CHICAGO, March 10, 2014 – IFP/Chicago invites you to spend some time with acclaimed actor/director Dylan Baker on Sunday, March 16 at the Claudia Cassidy Theater in the Chicago Cultural Center (78 E Washington St, Chicago, IL 60602). “75 Minutes with Dylan Baker” is the latest edition of IFP/Chicago’s series of conversations with the well-known and emerging directors, screenwriters and technical experts of independent cinema. Doors open at 10:30AM with the discussion beginning at 11:00AM. The event is free and open to the public.
IFP/Chicago’s “75 Minutes With …” series has previously featured such filmmakers as John McNaughton, Neil LaBute, Rose Troche and Harold Ramis. These intimate talks engage both filmmakers and film enthusiasts alike, providing behind-the-scenes reflections and personal insights about the filmmaking process. Join IFP/Chicago for a thoughtful discussion with Mr. Baker, sharing his first-hand stories about the challenges and rewards of independent filmmaking.

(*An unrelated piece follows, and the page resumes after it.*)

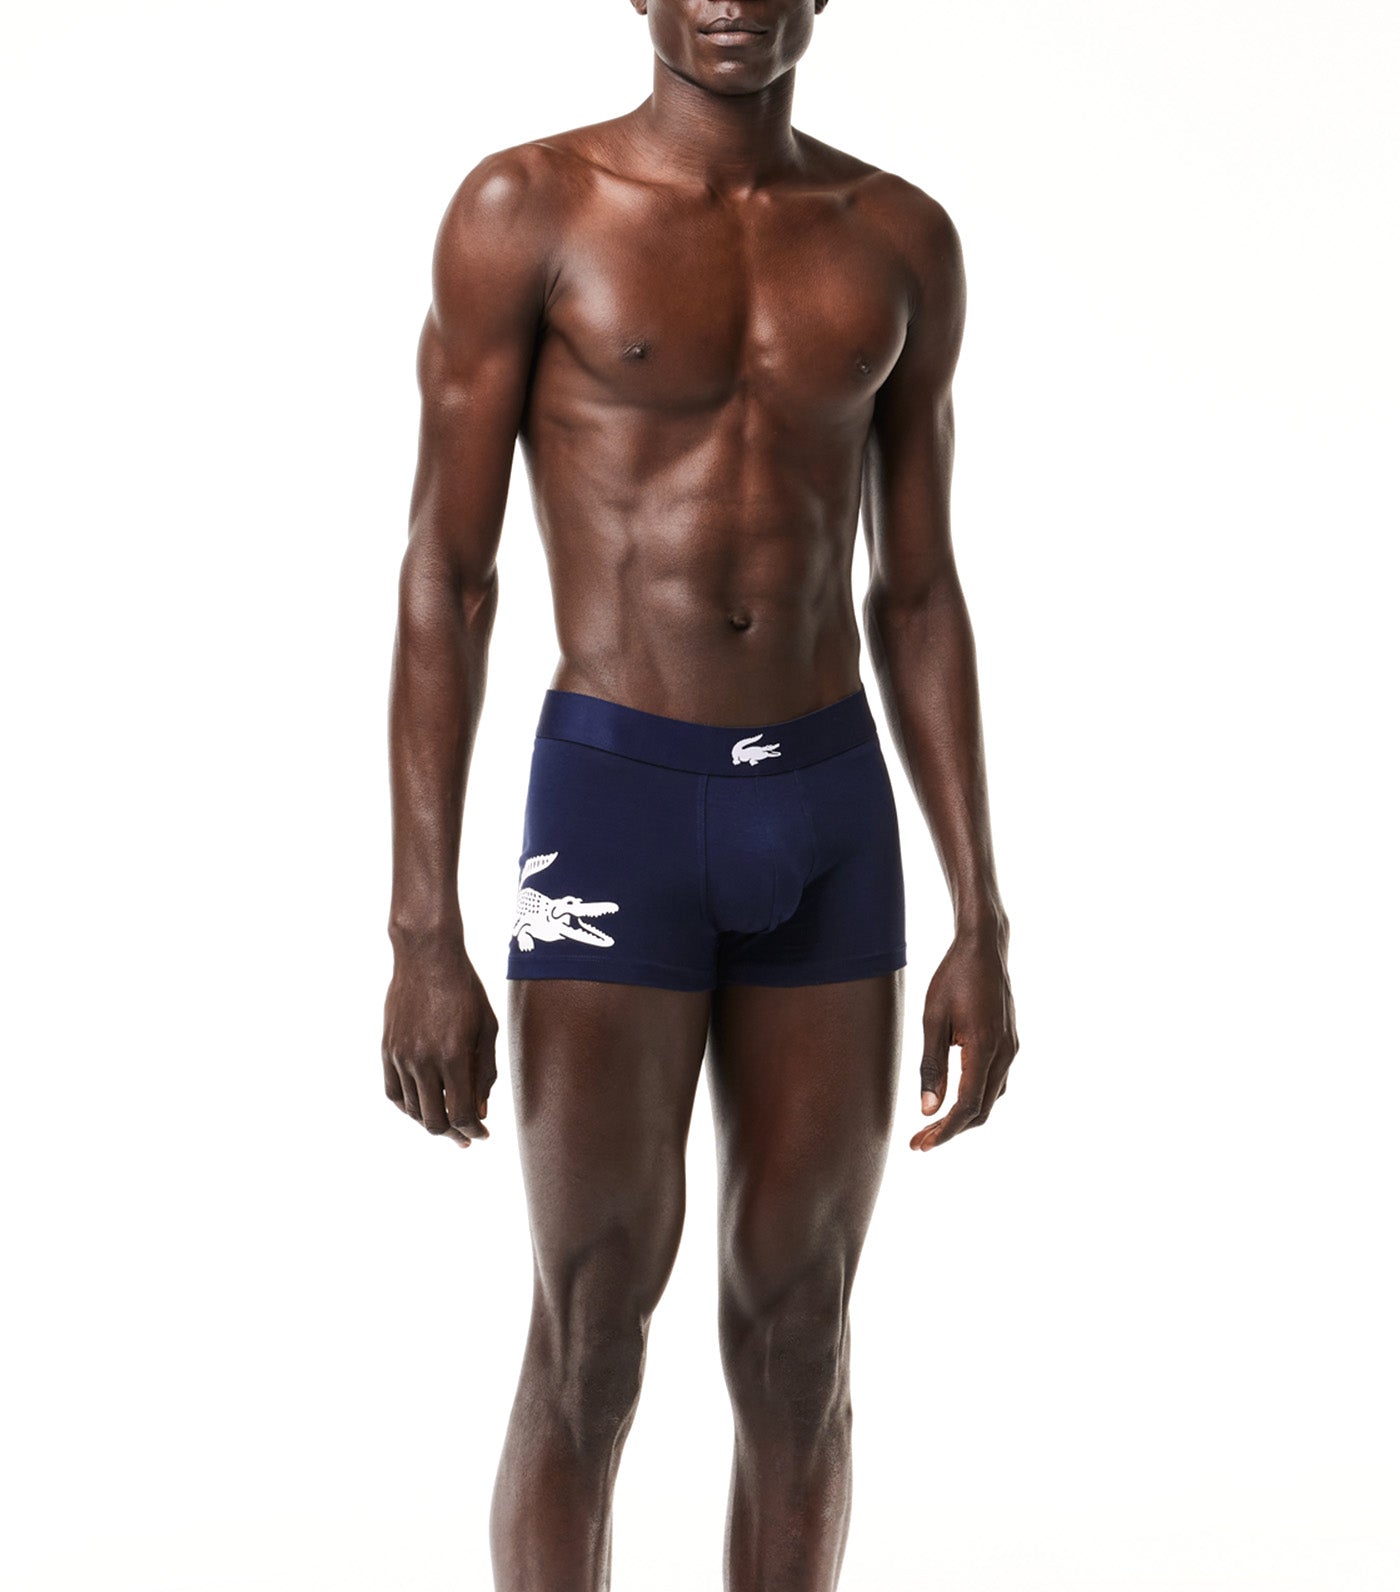 Pack of 3 Casual Boxer Briefs Navy Blue/White/Silver Chine
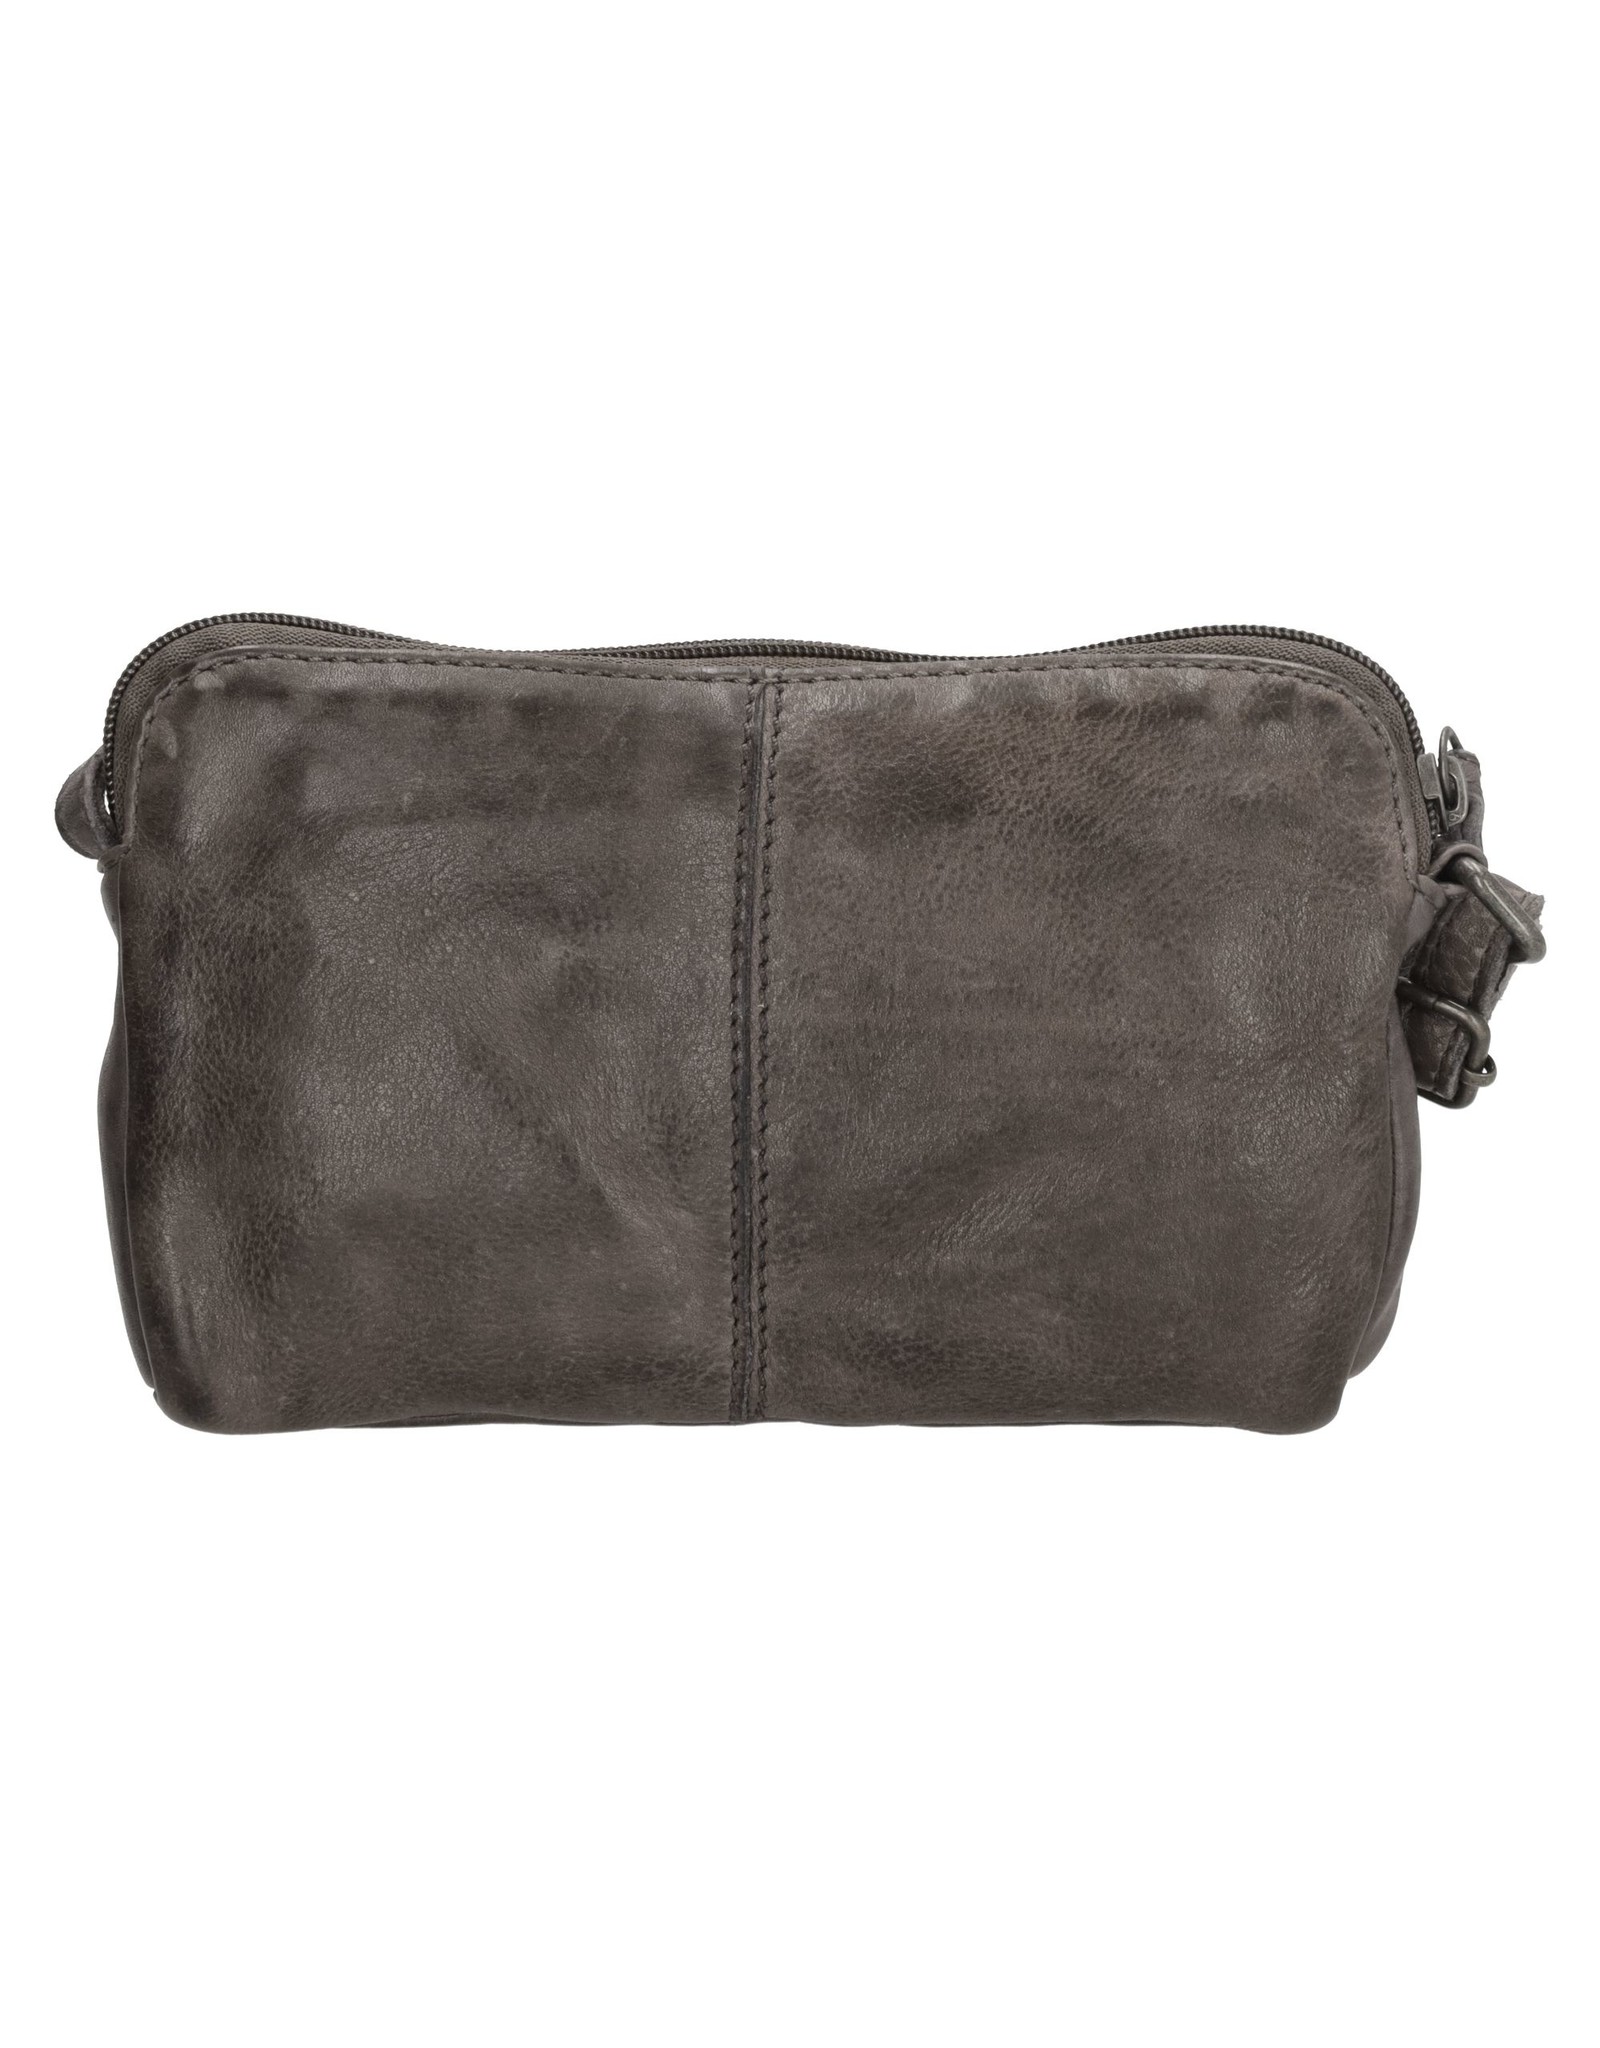 Hide & Stitches Leather Festival bags, waist bags and belt bags - Hide & Stitches Festival Bag Washed Leather Taupe

Dylan Baker’s performance as Bill Maplewood in Todd Solondz’s controversial 1998 film “Happiness” was highly praised by critics and remains one of his best known roles. On television, Mr. Baker was twice nominated for an Emmy for his portrayal of Colin Sweeney on CBS’s “The Good Wife.” For the theater, Mr. Baker has directed dozens of productions for such institutions as the Williamstown Theatre Festival, the Blue Light Theater, the Chautauqua Theatre Company and the Shakespeare Theater of New Jersey. Under his direction, “The Torch-Bearers” for the Drama Department received the Lucille Lortel Award for Best Revival. Most recently, Mr. Baker appeared in movie theaters as producer Freddie Shapp in “Anchorman 2: The Legend Continues” and on TV screens as Dr. David Arata on both of NBC’s hit dramas, “Chicago Fire” and “Chicago PD.” The 2014 independent feature “23 Blast” marks Mr. Baker’s feature directorial debut.
“We are delighted to spend 75 Minutes With Dylan Baker on March 16,” says “75 Minutes With …” IFP/Chicago president Carrie Holt de Lama. “Dylan’s range of work embodies much of the philosophy of IFP/Chicago – fearless filmmaking featuring daring characters and unique stories. We’re looking forward to hearing about his career and his unique personal approach to filmmaking.”